Неоднозначность отношения к обману и высокая роль эмоционального и ситуативного факторов в его восприятии и оценке определенно являются межкультурной универсалией. По мнению специалистов, когнитивно-психологической основой ситуации обмана является внутренний конфликт, или когнитивный диссонанс, суть которого заключается в
© Федюнина И. Э., 2012
«...противоречии межд <...> коммуникативными нормами, предписывающими субъекту кооперативное... поведение, и его целями, которые не могут быть реализованы этим путем» [10, с. 155]. Важным фактором представляется также противоречие между невозможностью обходиться без обмана и отнесением его к категории действий, совершение которых чревато негативной самооценкой и чувством вины. Как показывает повседневный опыт, для разрешения данного конфликта имеется два пути: либо выработать некий перечень ситуаций, в которых обман приемлем и может быть хотя бы частично оправдан, либо вовсе не квалифицировать высказывание или действие как обман, если они имеют позитивную цель. В соответствии с одним из центральных принципов когнитивной семантики «... концепт <.> может быть понят <.> лишь на фоне других ассоциированных посредством опыта концептов.» [17, с. 2] Исходя из этого, мы выдвинули следующую гипотезу: в основе восприятия и оценки той или иной формы обмана должна лежать корреляция соответствующего фрагмента концепта «Обман» с другими концептами носителей языка, причем не все они негативны в оценочном плане. Данные корреляции могут быть выявлены посредством анализа планов содержания, выражения и дискурсивного «поведения» его языковых репрезентантов.
Оптимальным языковым средством экспликации концепта «Обман» представляются ФЕ, значительно превосходящие нейтральную лексику по информационной емкости и коннотативным возможностям. Дистинктив-ными характеристиками ФЕ, обусловливающими их когнитивную ценность, представляются яркая образность, высокий аксиологический потенциал и способность производить иллокутивный, или прагматический, эффект - вызывать те или иные чувства или отношение к обозначаемому. Кроме того, большинство ФЕ с семантикой обмана имеют высокую степень дискурсивной зависимости и проявляют тенденцию к флуктуации оценки: в различных речевых ситуациях реализуются разные смысловые фасеты, составляющие «импликационал фразеологической семантики» [2, с. 46], в силу чего одна и та же ФЕ может «отсылать» к различным в оценочном плане концептам. Таким образом, в зависимости от условий реализации ФЕ актуализируются различные стороны и признаки концепта. Отметим, что проблема фразеологической репрезентации концептов достаточно широко рассматривается в работах лингвистов-когнитологов: внимание уделяется взаимодействию семантики ФЕ и когнитивных структур, моделированию фразеологического значения [2, 11], когнитивным аспектам взаимодействия ФЕ и культуры [18]; типологии и классификации ФЕ [3, 17] и т.д.
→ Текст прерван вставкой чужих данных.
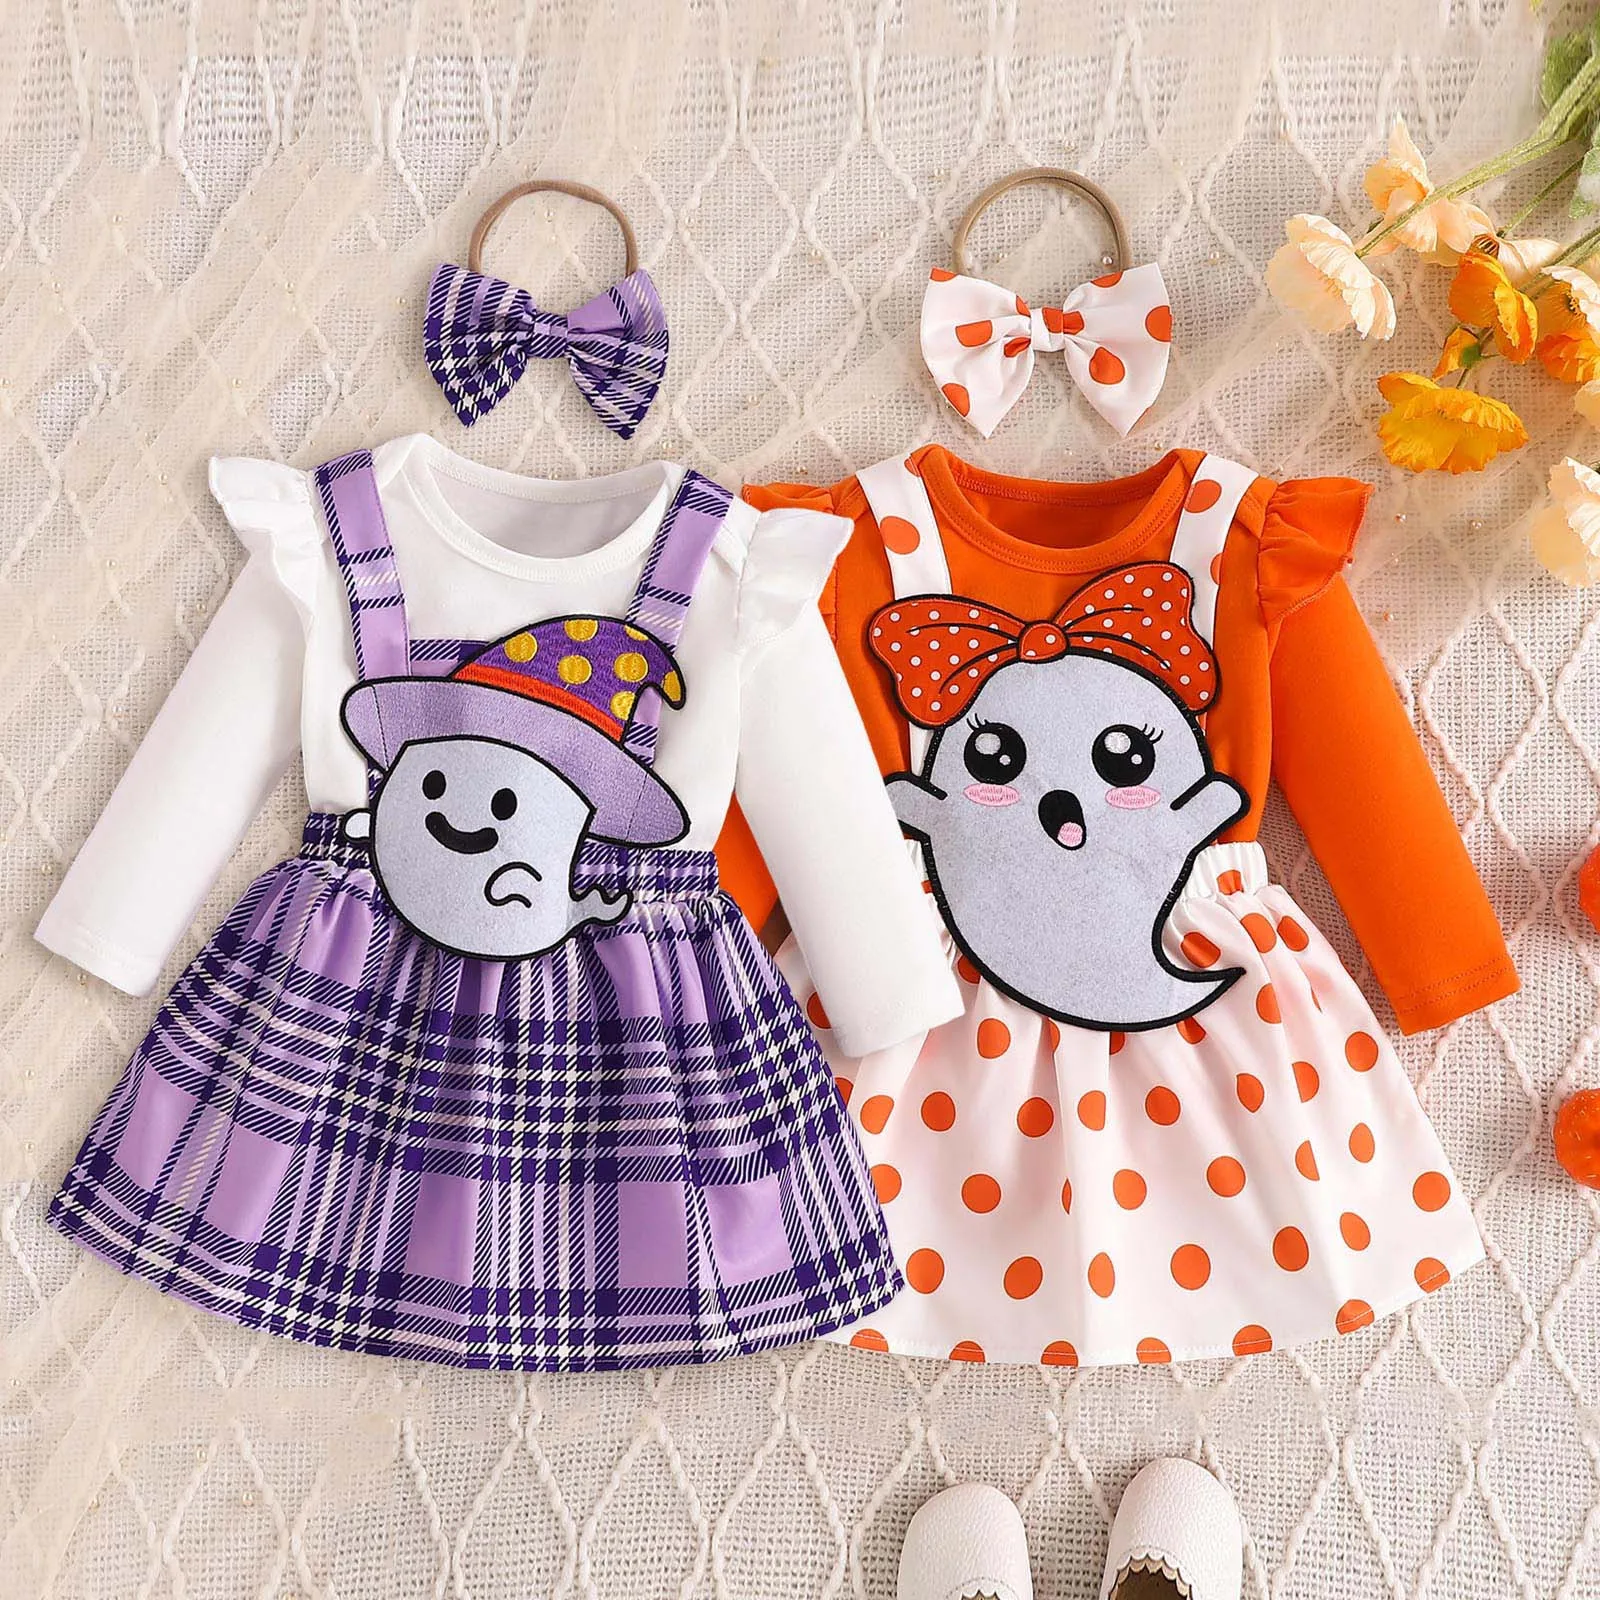 

Baby Boys & Girl Easter Infant Newborn Baby Girl Clothes Sets Short Sleeve Rompers Rabbit Embroidery Skirts Headband Outfits

Однако сопоставительные исследования концепта «Обман» на материале трех языков до сих пор не проводились.
В качестве основных методов исследования нами использовались: концептуальный анализ, сравнительно-сопоставительный анализ, семантическое моделирование ФЕ, дискурсивный анализ, статистическая обработ-
ка данных. Материалом послужили примеры, полученные методом сплошной выборки из произведений современных русских, английских, американских и немецких писателей и данные фразеологических словарей.
Анализ лексикографических источников показал, что фразеологические номинации различных форм обмана оптимально структурируются в виде фразеосемантического поля. В нашем исследовании модель поля «Обман» разработана в соответствии с предлагаемой А. Крузом концепцией сегментной категоризации как наиболее родственной и типичной для обыденного сознания [17, с. 185], а в основу классификации ФЕ положен тематический принцип, позволяющий максимально полно представить концепт в виде фразеосемантических моделей, объективирующих различные его стороны и признаки, а также провести анализ контекстуального функционирования ФЕ каждой модели с целью выявления межконцепту-альных корреляций. Были выделены несколько фразеосемантических групп, репрезентирующих фрагменты концептуального поля «Обман» -«Дезинформация», «Сокрытие», «Вымысел» и др. Как было сказано выше, в данной статье мы сосредоточим внимание на объективации феномена лицемерия.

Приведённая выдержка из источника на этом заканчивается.